Besonders bekannt ist der Polivoks für sein einzigartiges Filter, das nicht auf die damals übliche Bauweise setzt, sondern auf programmierbare Operationsverstärker, was ihm seinen berühmten rauen und aggressiven Sound verleiht. Diese unübliche Wahl ist ein Ergebnis der technischen Beschränkungen der sowjetischen Elektronikindustrie. Das zu der Zeit neuartige Filterdesign ermöglicht extreme Verzerrungen, die noch bis heute in der experimentellen Musik sehr geschätzt werden.
Der analoge Synthesizer verfügt über zwei VCOs (englisch für spannungsgesteuerter Oszillator), schleifenfähige Hüllkurven und einen duophonen Modus, wodurch das Spielen von zwei Tönen gleichzeitig möglich ist. Trotz seiner technischen Einschränkungen wird der Polivoks für seine Vielseitigkeit und Robustheit geschätzt, auch wenn die Verarbeitung und insbesondere auch die Qualität der Tastatur oft als unzuverlässig gilt. Das äußere Design des Polivoks spiegelt den industriellen Charakter der Sowjetunion wider.
Wenn du mehr zum Formanta Polivoks wissen möchtest, findest du hier unseren Vintage-Beitrag.
Ein Blick auf den Software Synthesizer Atomika
Eines vorab: Cherry Audios Atomika ist nicht nur eine softwarebasierte Nachbildung des analogen Polivoks, sondern eher eine Weiterentwicklung. Die Charakteristik des knapp 40 Jahre alten Synthesizers bleibt bei Atomika zwar bestehen, bekommt aber durch hinzugefügte technische Erweiterungen mehr Möglichkeiten, die vor allem in Sachen Klang und Live-Performance eine Steigerung sind. Auf diese Art und Weise schafft Cherry Audio in Zusammenarbeit mit dem renommierten DSP-Ingenieur Mark Barton eine moderne Software-Lösung mit analogem Klang und präziser Klangverfeinerung für alle Musikfreunde.
Benutzeroberfläche und Bedienung
Generell ist die Benutzeroberfläche von Atomika übersichtlich und modern gestaltet, aber auch mit einem Augenzwinkern an die Vergangenheit versehen: Optional können die Beschriftungen der einzelnen Regler und Bedienelemente in kyrillischer Schrift angezeigt werden. Es gibt außerdem eine Zoom-Funktion, die besonders in komplexeren Projekten nützlich ist, um den Überblick zu behalten. Für Nutzer mit wenig Platz auf dem Bildschirm lässt sich die Klaviatur auf Knopfdruck ausblenden.
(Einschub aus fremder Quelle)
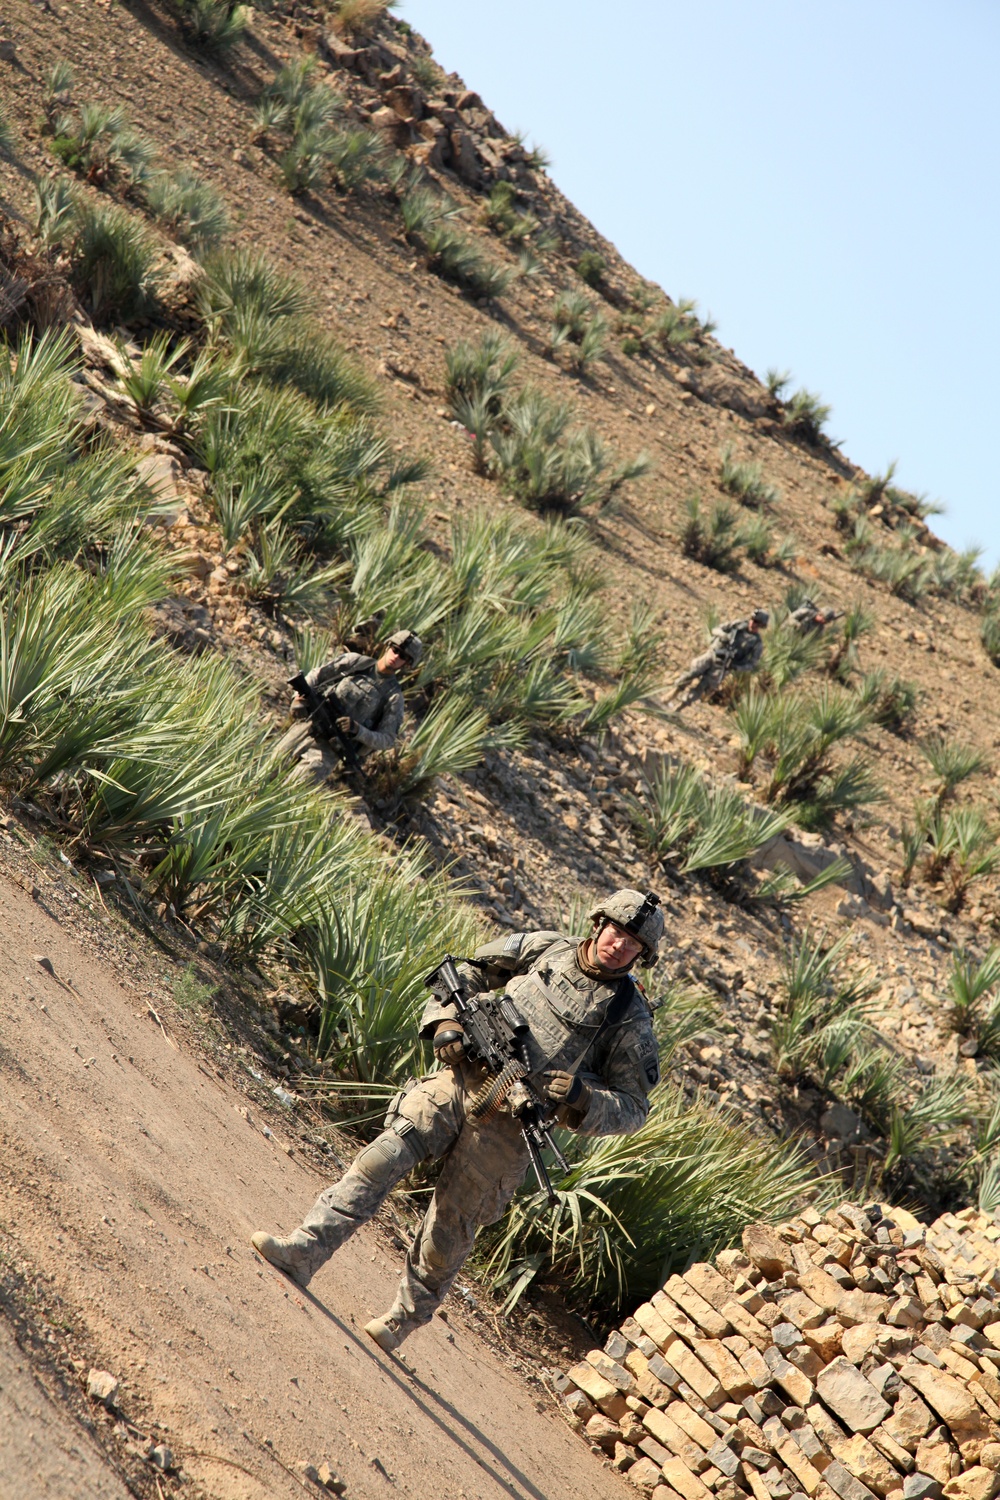 Operation Enduring Freedom, Operation Red Knight

Polyphonie und Modulationsmöglichkeiten
Ein großer Fortschritt gegenüber dem originalen analogen Polivoks ist die Erweiterung von der duophonen Klangerzeugung auf eine bis zu 16-stimmige Polyphonie. Dies ermöglicht es, komplexere Harmonien und einen generell vollere Klang zu erzeugen. Für die zwei baugleichen Oszillatoren kommt außerdem Unison-Oszillator-Stacking zum Einsatz, was bedeutet, dass mehrere Stimmen gleichzeitig gespielt werden können, um ein breiteres Klangbild zu erzeugen.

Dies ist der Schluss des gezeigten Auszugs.